Mythosnwas over-hyped, especially by non-IT-people, but it is good, or at least a useful tool.

Too bad we don'thave realistic pricing for Mythos and most modern AI stuff yet. So we can't tell if it would be worth it.

[-]

fntd@reddit

Firefox needs to be able to do everything that CURL can do, right?

No. curl supports all kinds of protocols that Firefox doesn‘t. For example FTP was removed from Firefox a while ago.

[-]

psychometrixo@reddit

Technically correct, the best kind of correct

But Firefox is a massive far FAR larger project than curl. You know what OP meant.

But but Firefox doesn't have FTP is just not the point

Mythos may be pure useless hype, but that doesnt make curl smaller than Firefox

[-]

fntd@reddit

Dude I just answered a question.

[-]

psychometrixo@reddit

You answered a hypothetical question with a technically correct but clearly irrelevant answer

Or did you mean to imply that curl is actually bigger than Firefox?

[-]

danielcw189@reddit

thanks for the correction

[-]

Systemerror7A69@reddit

Well, my thought was less about "Mythos is not useful" but more "how much BETTER than already existing models is it?"

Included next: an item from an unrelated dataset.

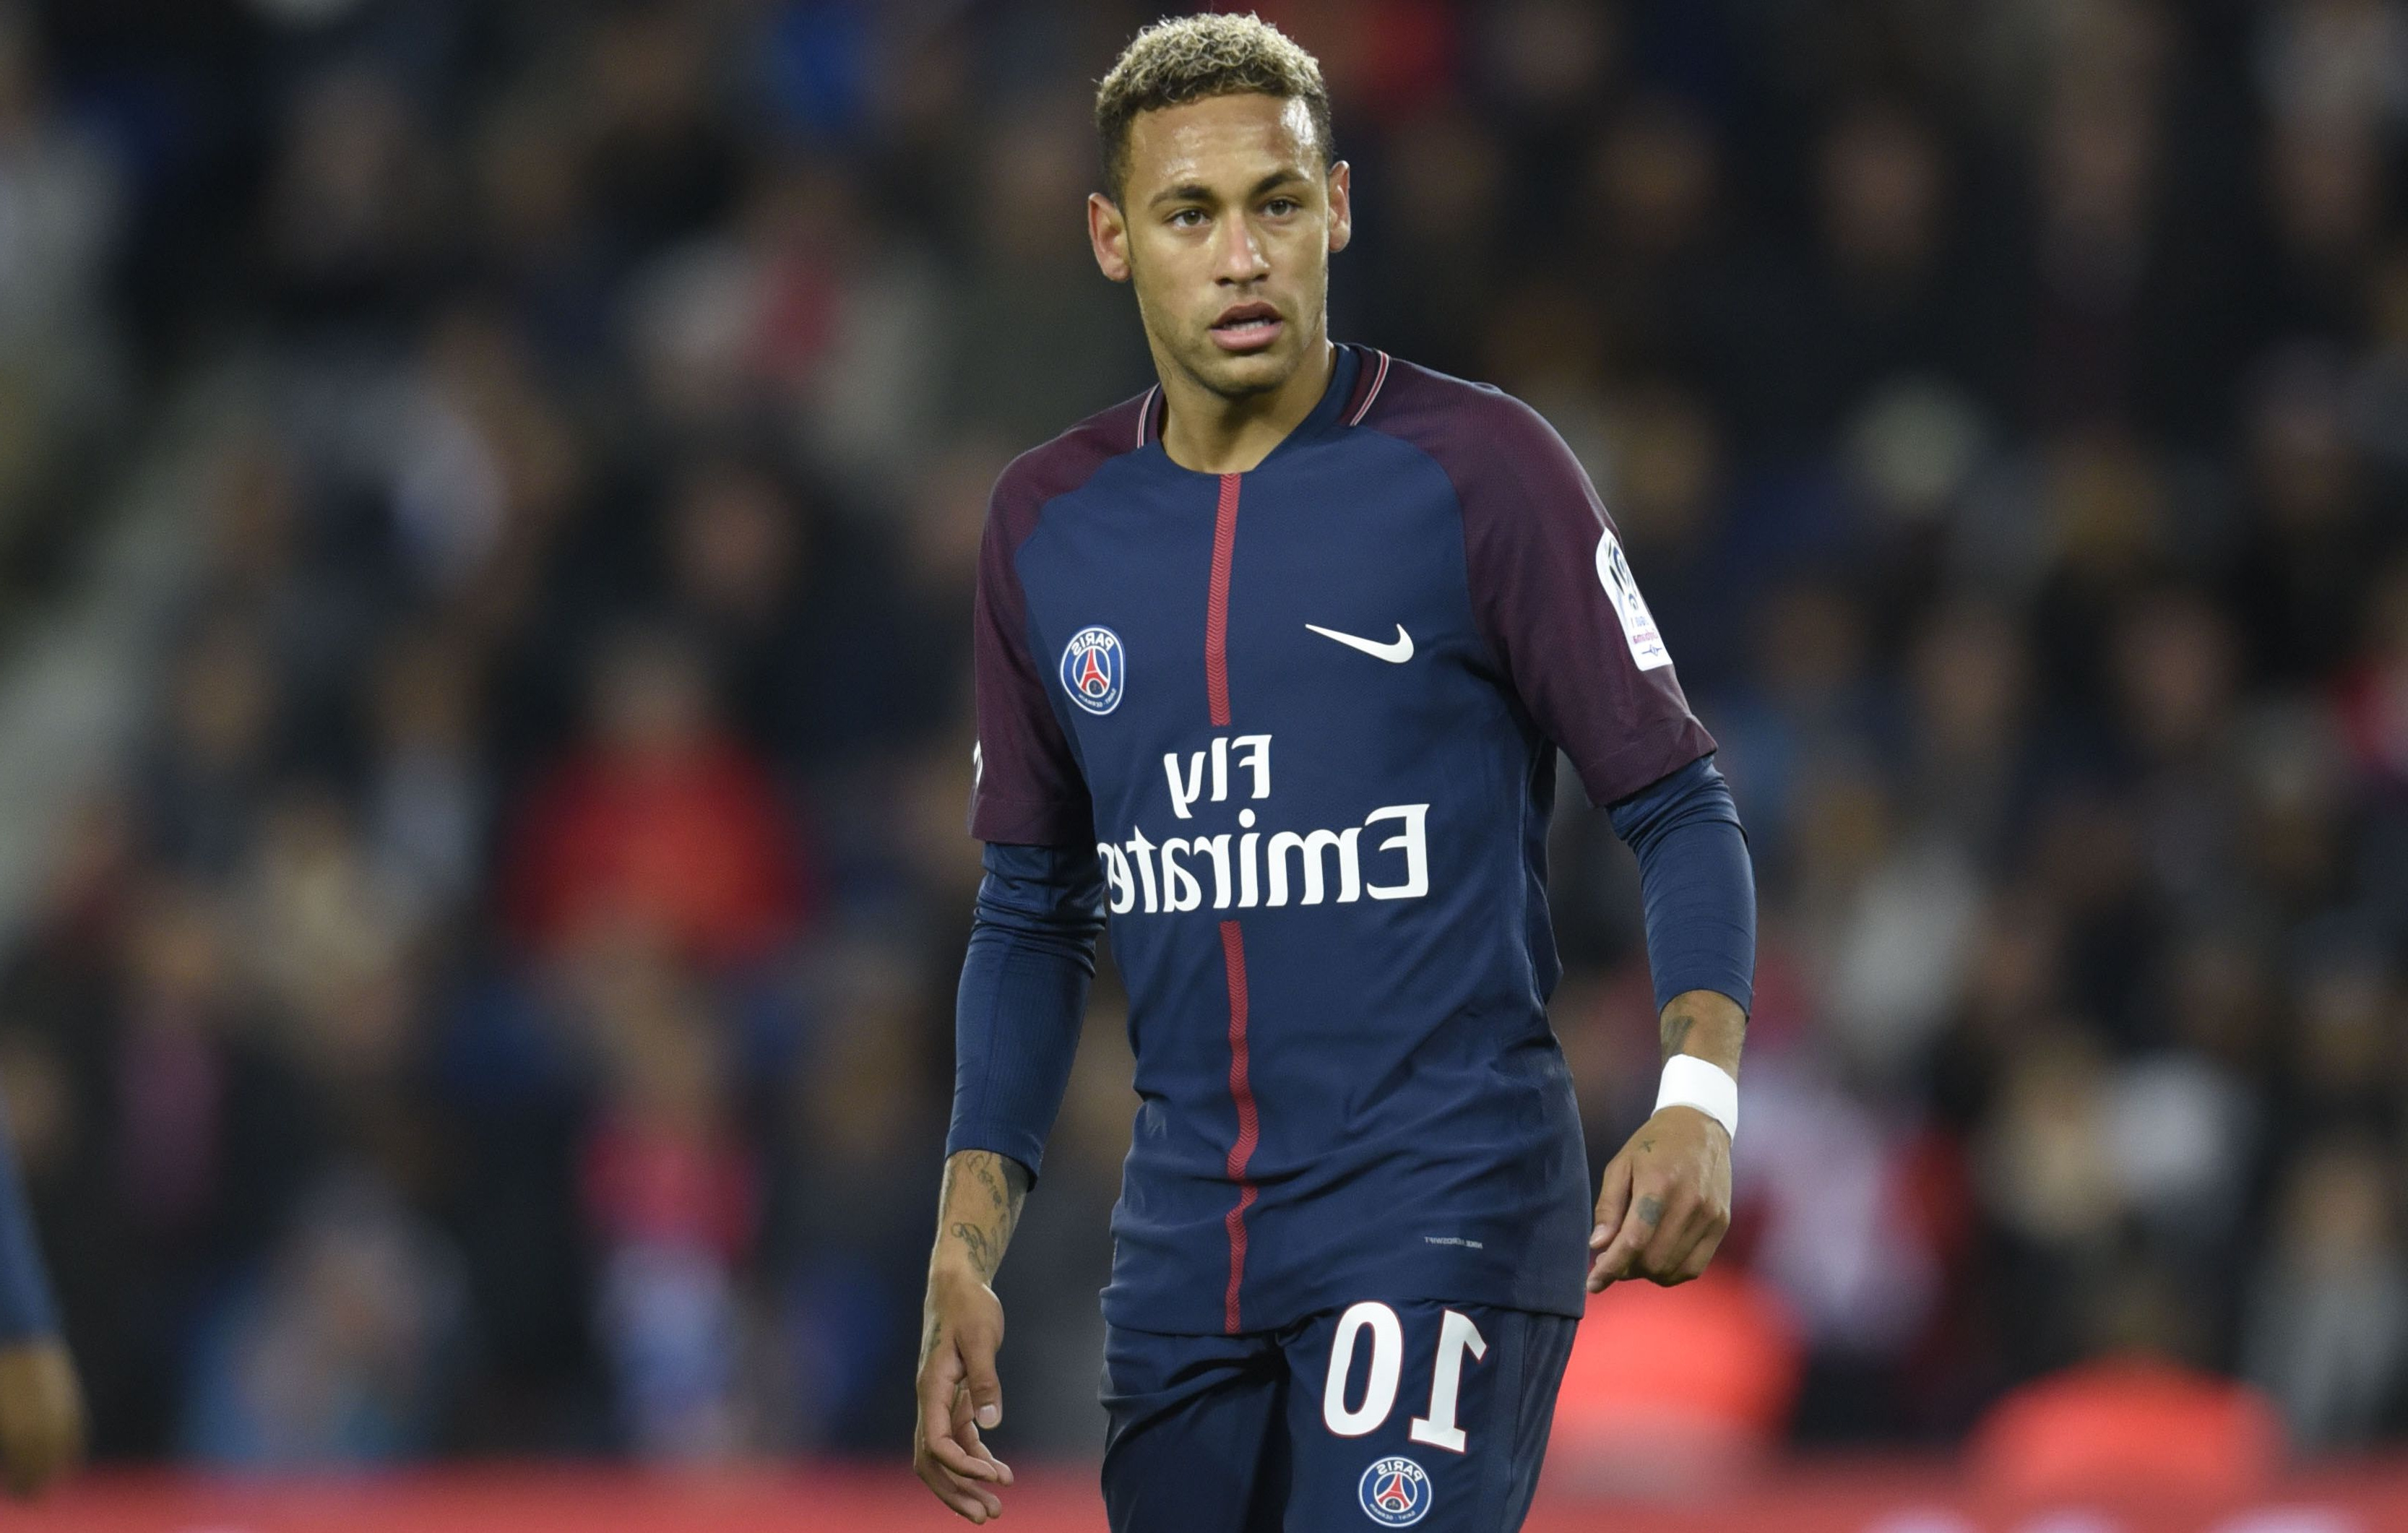 Coloriage Neymar Psg Cool Images Psg Neymar forfait à Montpellier Ligue 1 Football
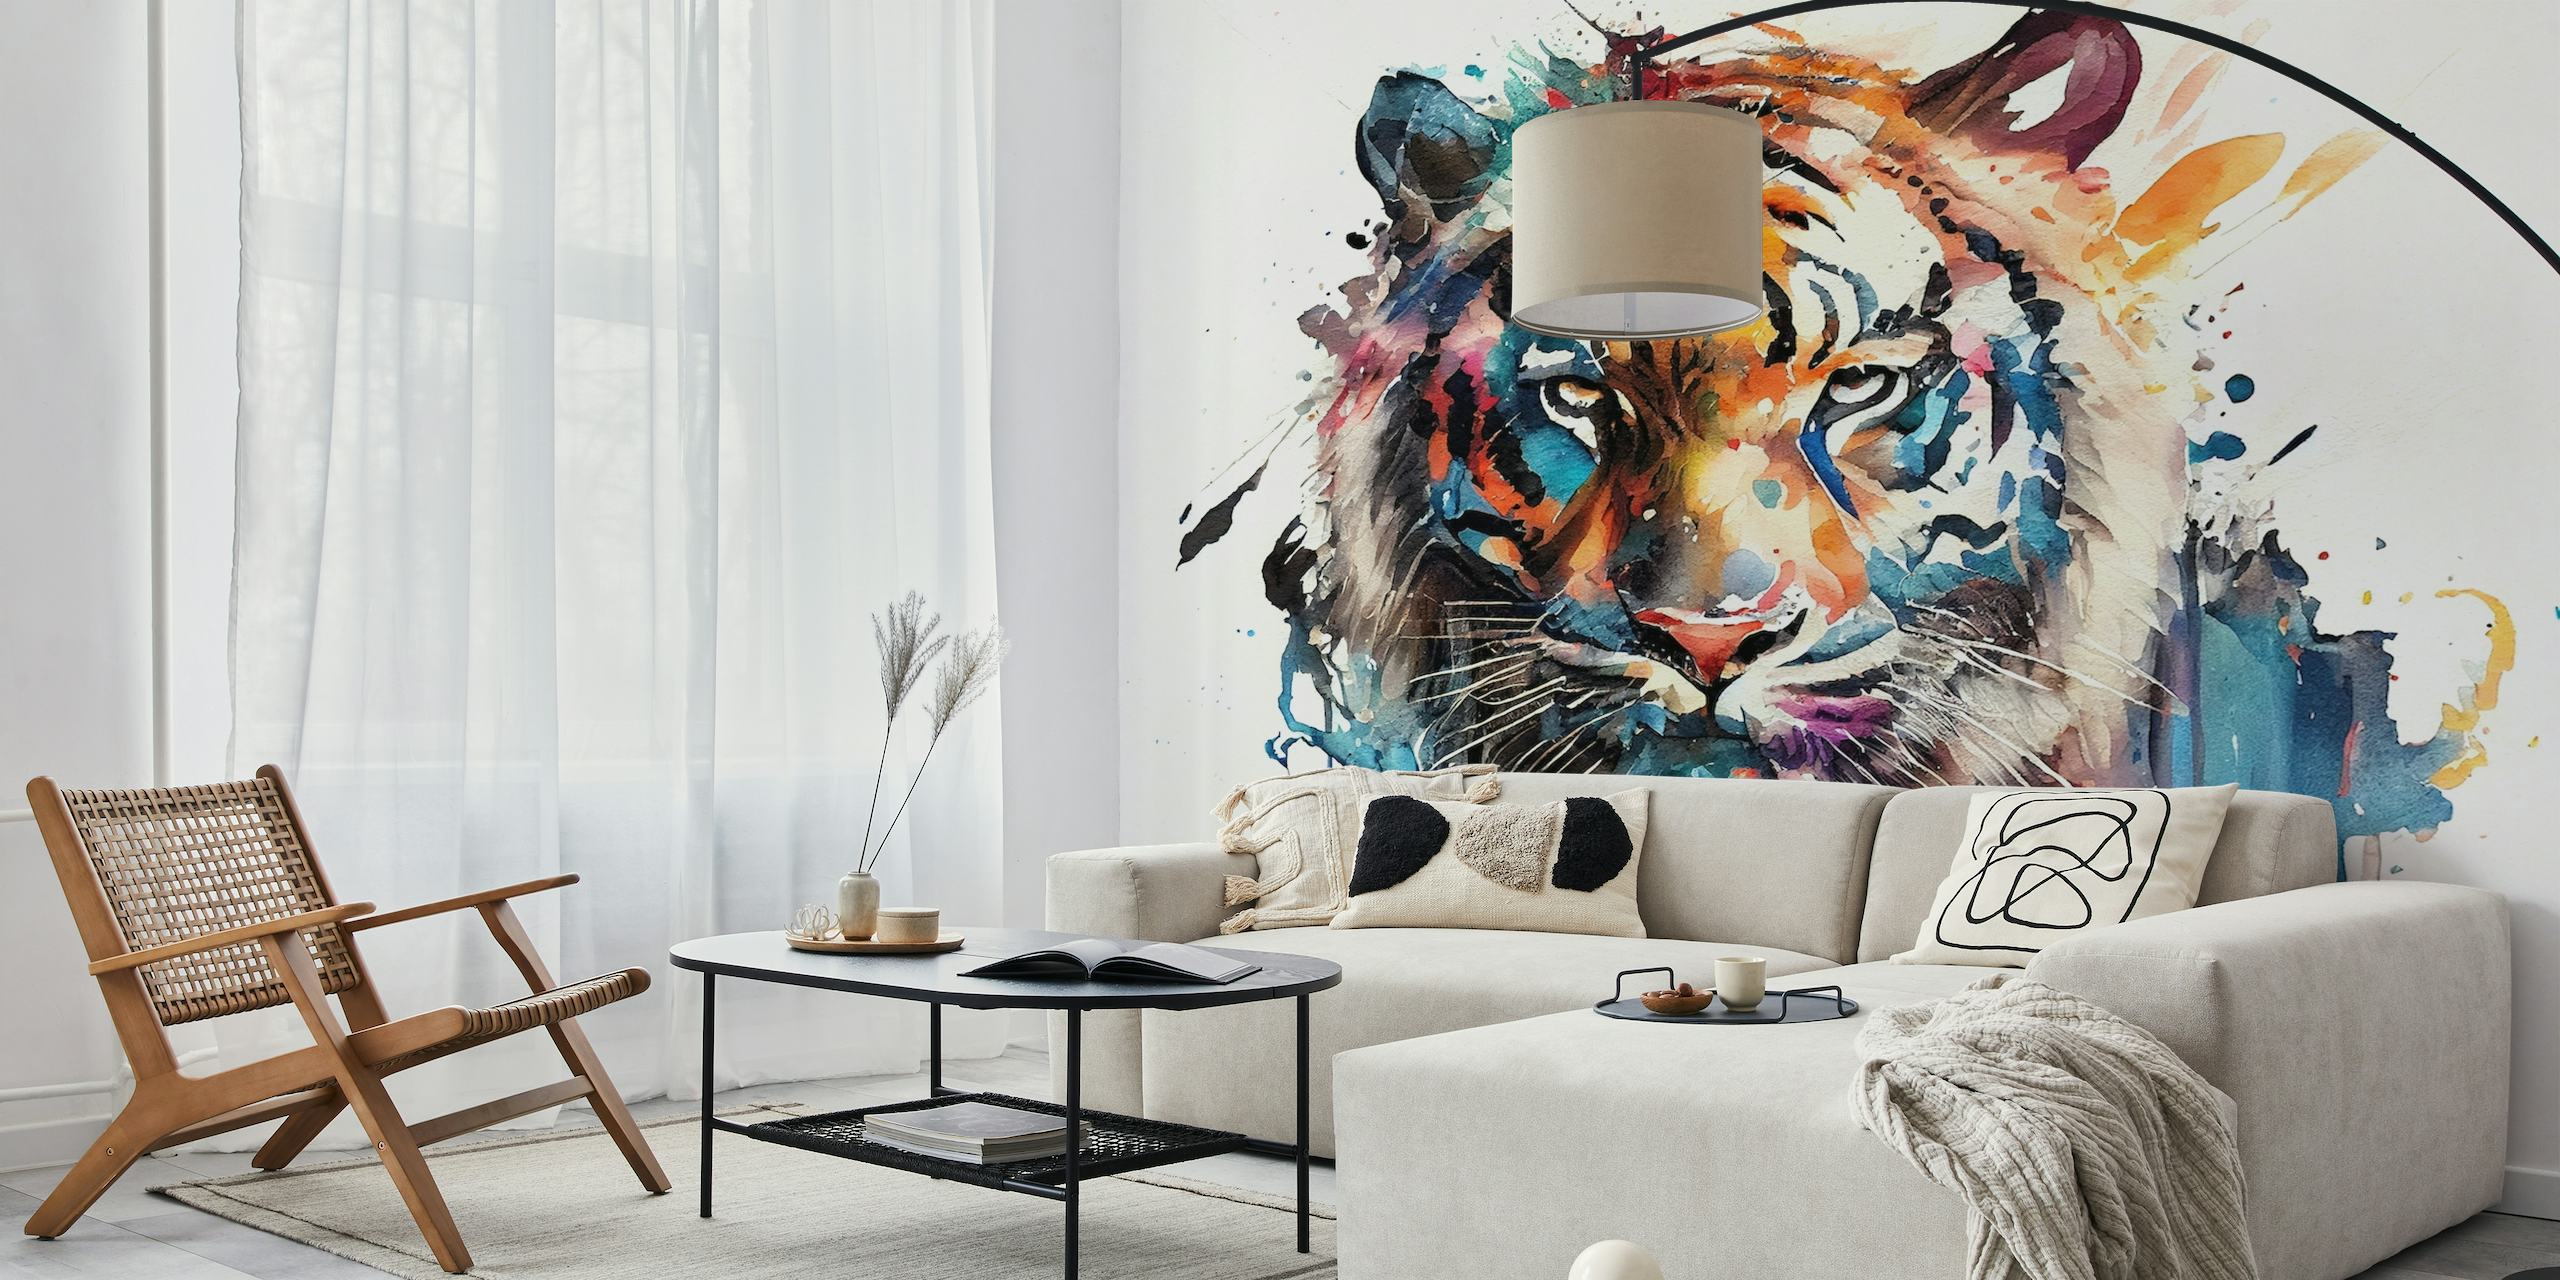 Uma aquarela de um tigre com mistura de cores vibrantes sobre fundo branco, transformada em mural de parede.

Especially because it seems like the model matters much less in this stuff than the harness you build and the tools you give it. How big is the difference from Opus to Mythos when

a) simply given code and prompted

vs

b) given proper tools, ability to verify findings, run tests & more?

Is there a big gap when you have the first and only a small or no when the second for example?

[-]

danielcw189@reddit

just in case and to be clear: it seems to be the nature of reddit that replys are often seen as disagreement. That wasn't my intention. I simply used your thoughts as a starting point for my own.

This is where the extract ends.